A new academic investigation looks at understudied but important elements of Mexico’s security challenge: the factors that lead drug traffickers to exit the violent trade, and how to encourage more to follow suit.
The study is called “Getting out of the Game: Desistance from Drug Trafficking,” and was written by Howard Campbell and Tobin Hansen, professors at the University of Texas El Paso and Oregon State University, respectively. Based on interviews with dozens of former drug traffickers in El Paso and neighboring Juarez, the authors sought to examine what keeps a given trafficker in a life of crime, providing insight into how to facilitate such a transition.
Unemployed youth in Mexico, known as “ni-nis” because they neither work nor are they in school (in Spanish, “ni estudian ni trabajan"), number some 8 million, and serve as fertile ground for gangs in need of gunmen, lookouts, and retail drug vendors. Many of the social proposals to target organized crime has focused on how to reduce this number, and therefore reduce the number of bodies interested in working for the the nation’s various drug trafficking organizations.
However, probably the biggest single impediment to reducing the cohort of disenfranchised youth is slow growth, something that has dogged Mexico since the 1970s. It is the product of structural factors more than a lack of sufficient interest from the government, and insofar as attention to the ni-nis can reduce the power of the drug trade, it is a long-term proposition, not something that can bring murder rates down in the next couple of months.
Furthermore, Mexico’s drug trade employs an estimated 500,000 people, so even if the ni-nis all found jobs or started school tomorrow, the nation would still be saddled with a huge number of dangerous criminals. Eliminating such a large group via arrests and confrontations is, of course, plainly impossible; to reduce the size of the population living off of the drug trade, Mexico’s government needs to ease and encourage the transition away from drug production.
And here is where Campbell and Hansen’s study proves helpful. They point to four different obstacles to or catalysts for a criminal leaving the drug trade:
The risk of punishment. This can either serve to impede or encourage a move out of the drug trade. Traffickers who are worried that their partners will kill them or their families should they try to escape the business will be more leery of severing ties to their past life. However, the prospect of a long jail sentence or death at the hands of their rivals serves as a powerful motivator to carve out a new existence.
Self-image and identity. Traffickers used to the fast life and shows of respect implicit in a position in the drug trade must confront a much more mundane existence should they go straight.

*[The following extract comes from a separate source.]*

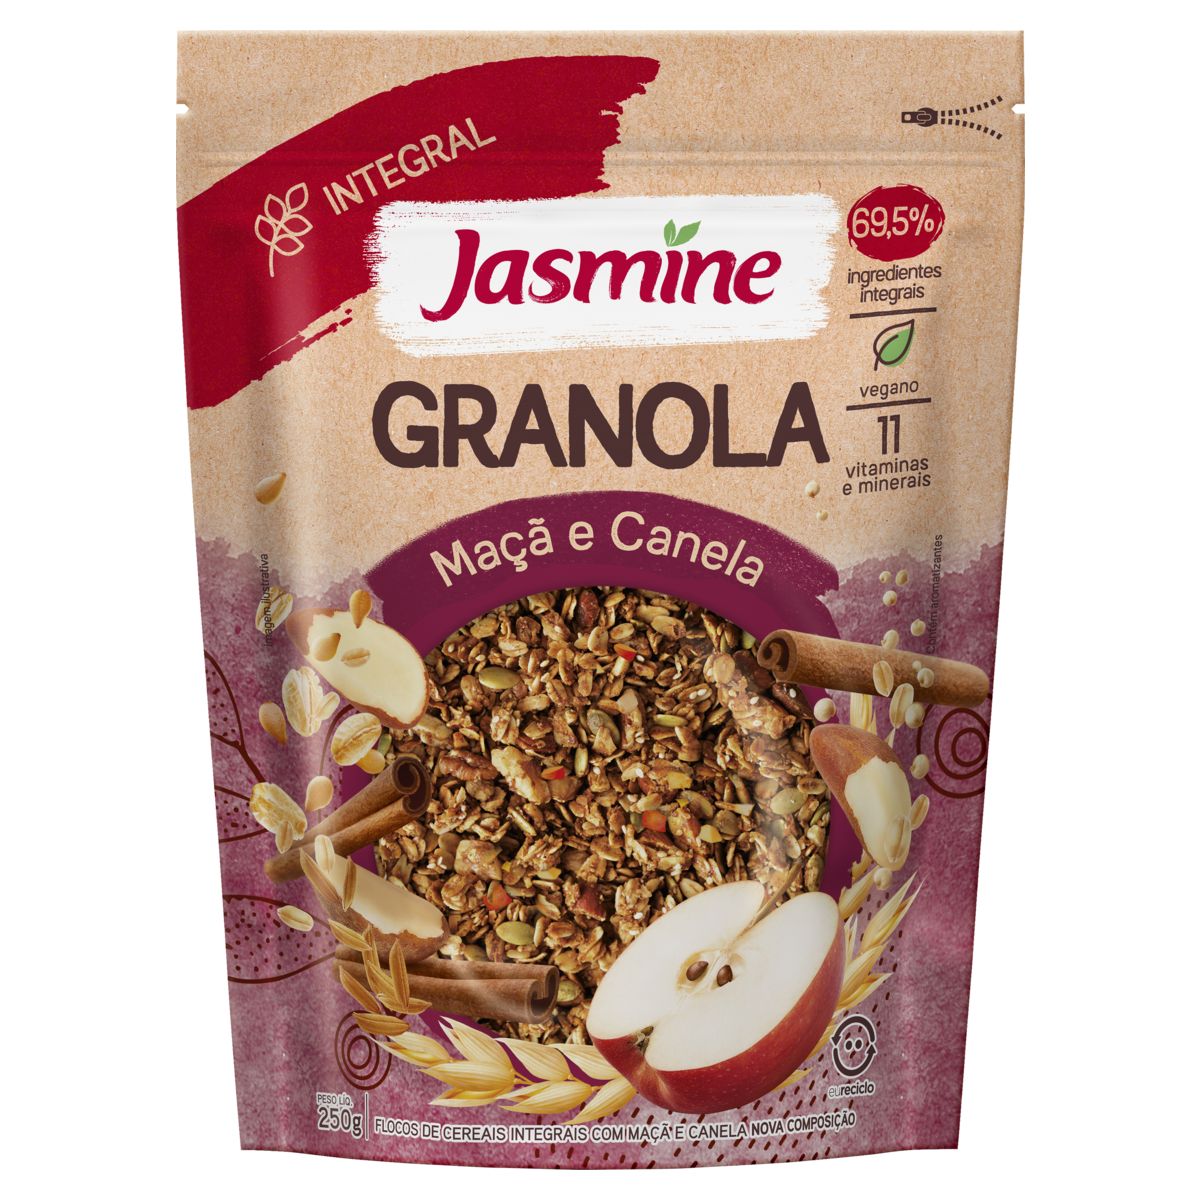 Granola Jasmine Maçã e Canela 69,5% Integral Pouch 250g

Making clandestine deals for millions of dollars, with the threat of bloodshed hanging over the proceedings, is an adrenaline-intensive way of life. Furthermore, for capos who come to enjoy some success in moving up the ladder, they also have the intrinsic benefit of having authority over subordinates. Working as a welder or a line cook obviously doesn’t pack the same thrill or offer the same paycheck.
Social and family ties. Some traffickers enter the drug trade under the wing of an uncle, brother, or cousin. Some work with their closest friends to sell illegal drugs. For these traffickers, going straight isn’t just risky or economically complicated, it’s emotionally painful as well. For others, however, the expectations of family can also serve as a factor that leads them to exit the illegal drug trade.
Drug abuse/use. For drug-addicted traffickers, exiting the trade can be virtually impossible without addressing their addiction at the same time. Or put another way, attacking their dependency requires them to find another way to make a living. In either case, the two problems must be dealt together for either to be overcome.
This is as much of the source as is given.